What Is Factoring
Factoring has been around as long as commerce itself. It is the sale of your accounts receivable to a buyer (or factor), that lets your company access cash beyond its own equity based on the strength of your customer’s credit. Many companies need additional cash flow to support seasonal demands, growth, and more.
Types of Factoring
There are two types of factoring which are frequently used.
- Discount Factoring / Recourse Factoring
- Traditional Factoring / Non Recourse Factoring
Discount Factoring / Recourse Factoring
Discount factoring, also known as recourse factoring, provides your business with flexible and immediate cash on your accounts receivable invoices. You can expect to see up to 90% of the eligible funds from the invoices immediately. Once your customer has paid you will receive the balance. We retain a small administrative fee to cover our expenses for interacting with your client and arranging payment details. This product gives you the opportunity to grow, restructure, take advantage of supplier discounts through volume purchases or early payments, or even to fund payroll.

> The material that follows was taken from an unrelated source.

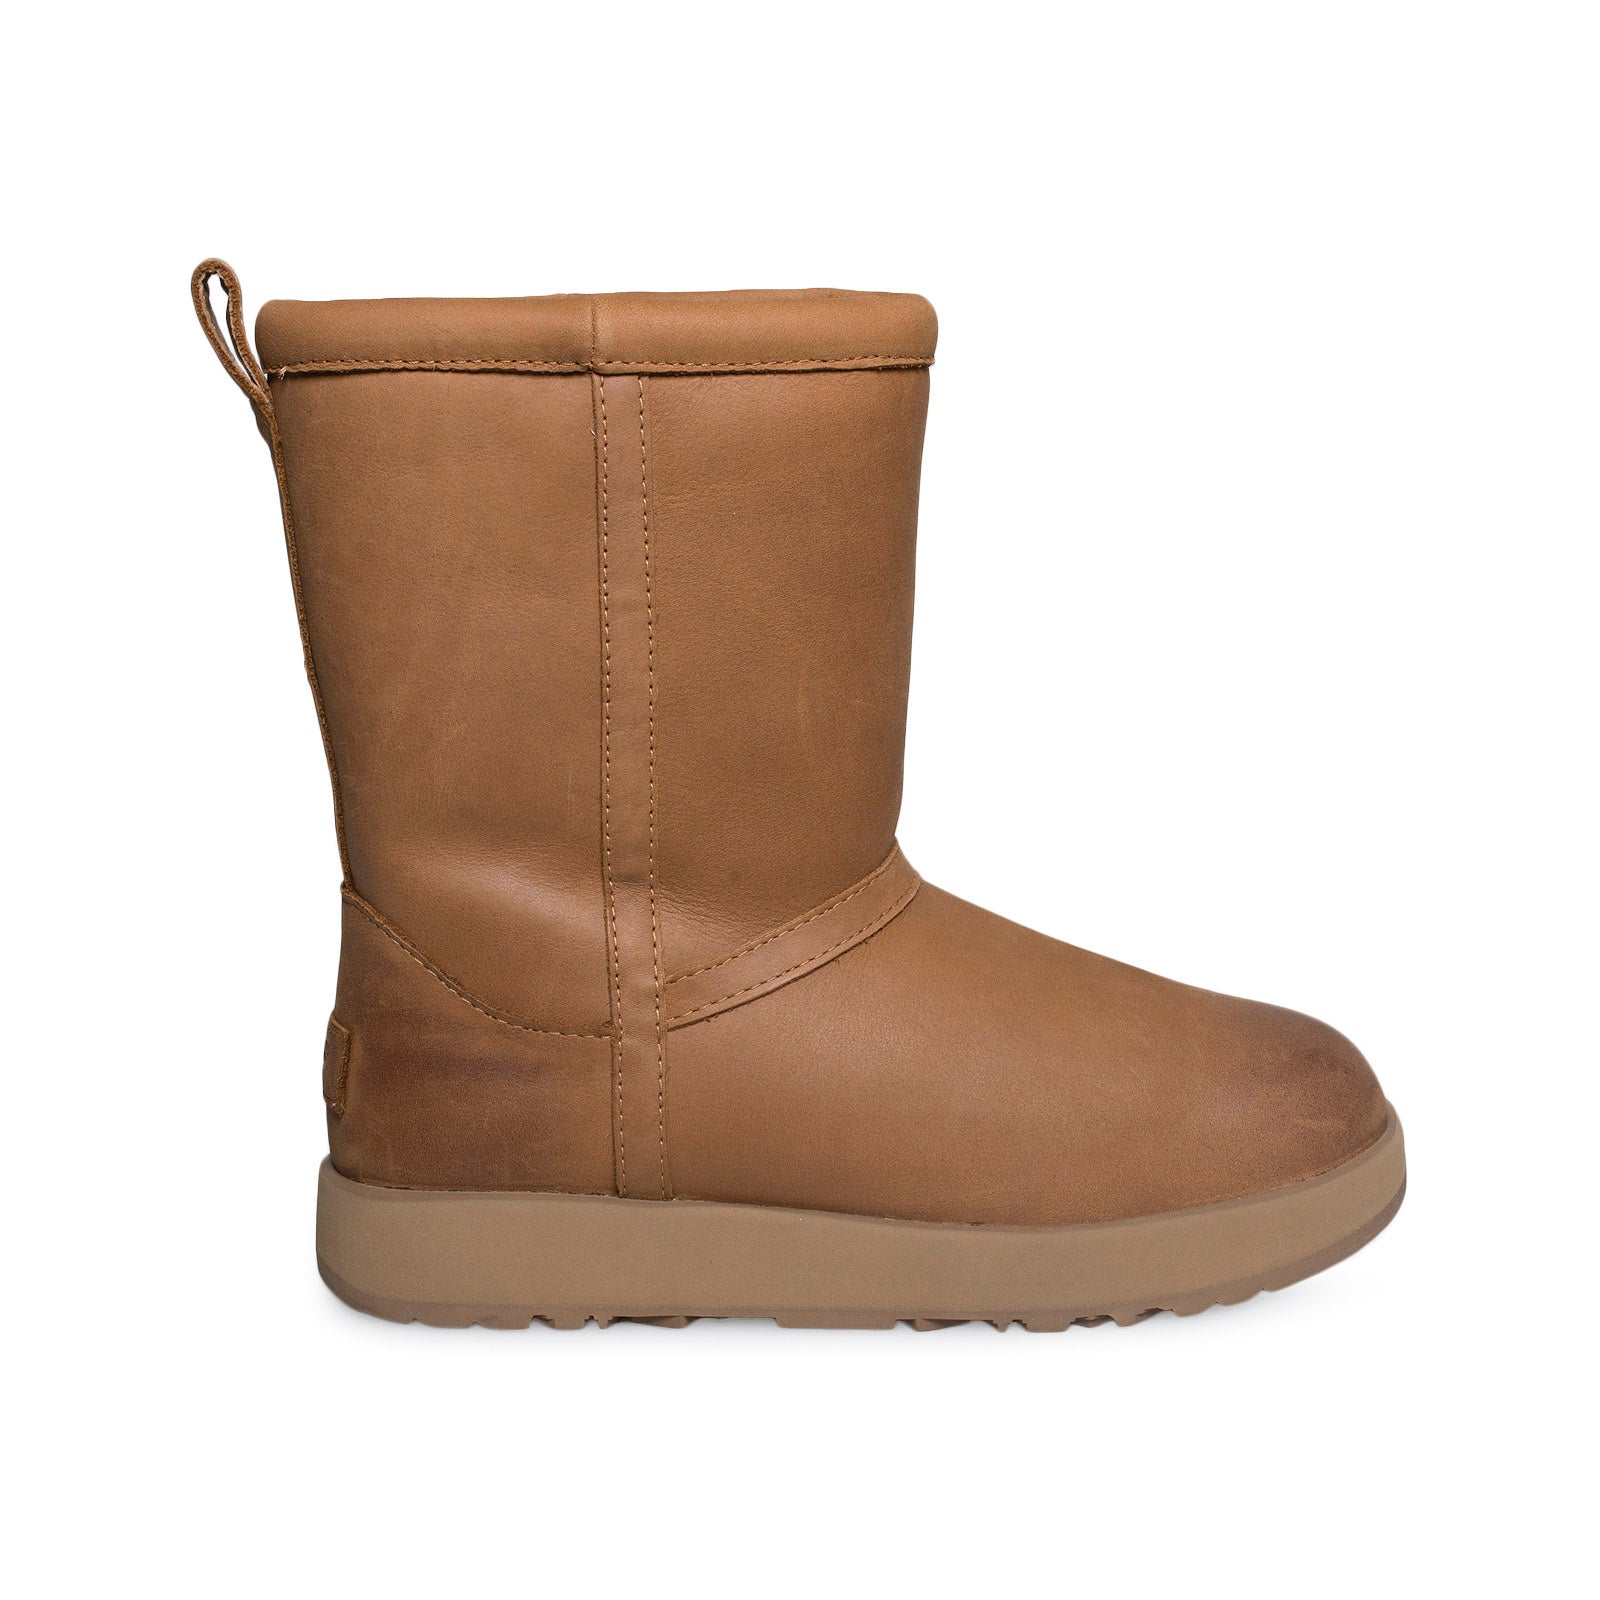 ugg classic short leather waterproof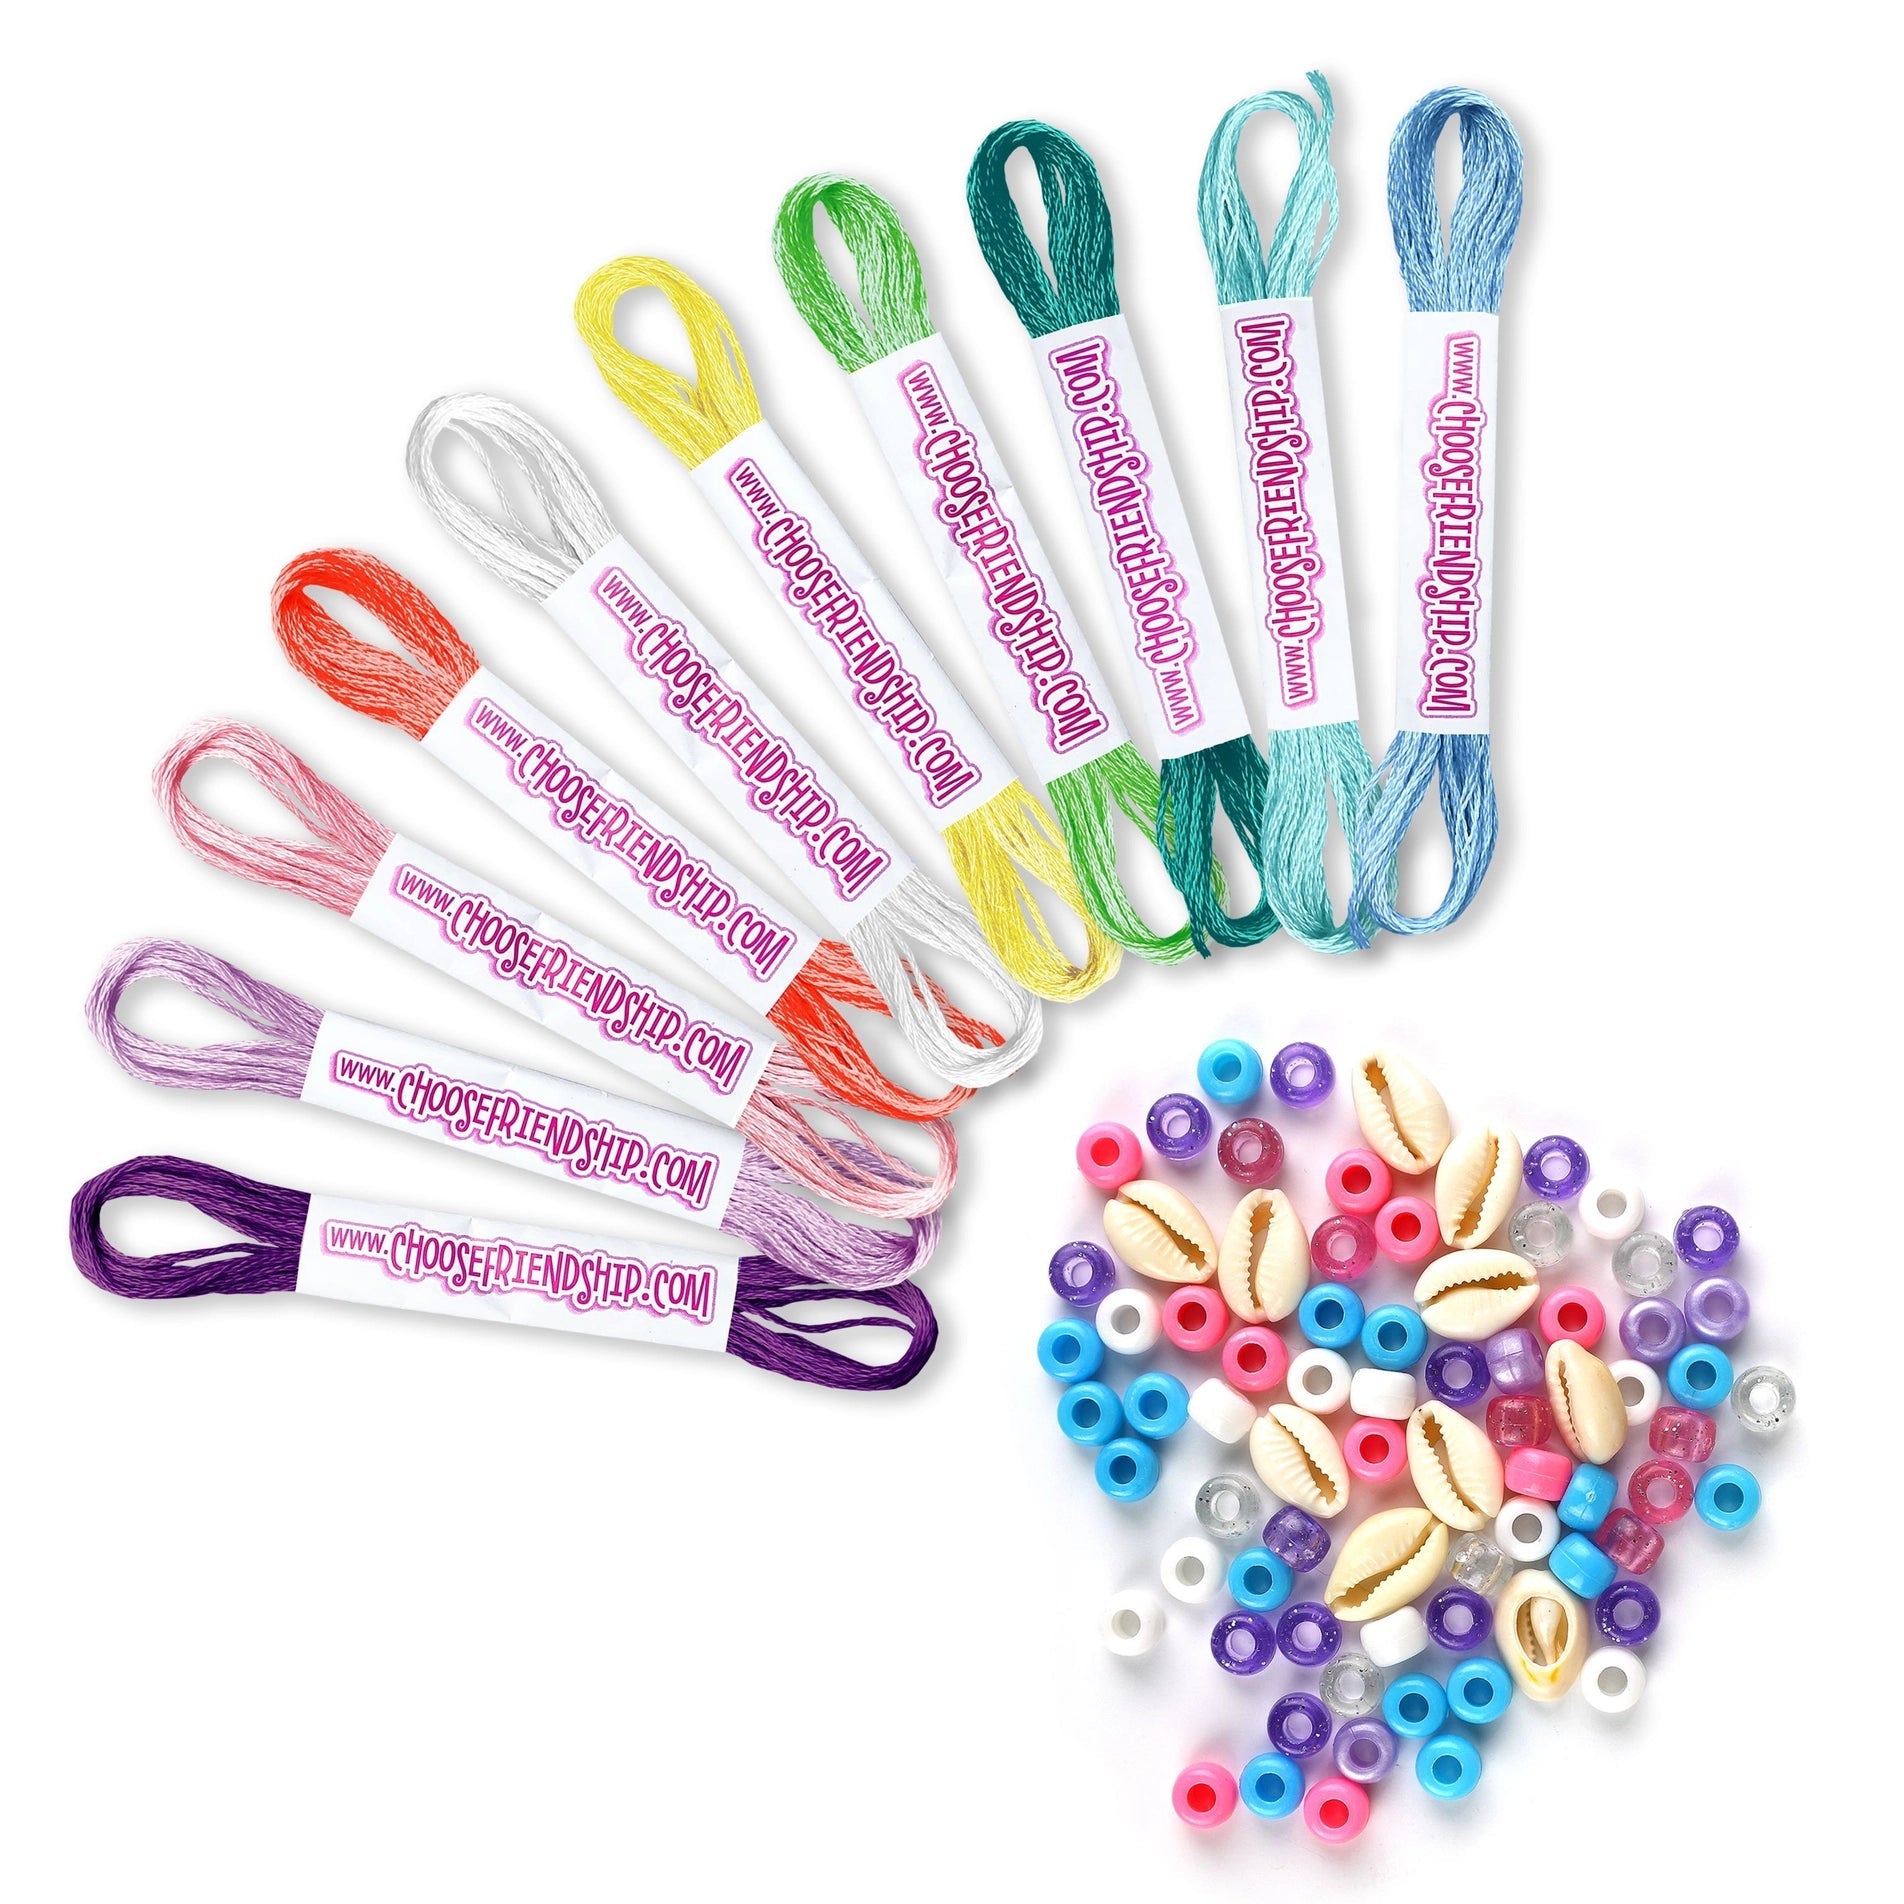  Choose Friendship, My Friendship Bracelet Maker Be Brilliant  Expansion Pack, 80 Pre-Cut Threads and 75 Beads/Charms, Makes 16-32  Bracelets (Embroidery Floss) : Toys & Games

Traditional Factoring / Non Recourse Factoring
Traditional factoring, also known as non-recourse factoring is available for both domestic and international situations, and provides your business with outsourced credit and collection services as well as optional funding. Prior to shipping an order or providing services to a customer you can contact our credit department to determine if the customer is credit approved. Empire may make advances up to 90% of the invoice amount within 24 hours. The invoices that are credit approved will be paid to you at maturity even if the customer has financial inability to pay as Empire has assumed the credit risk of the approved invoices.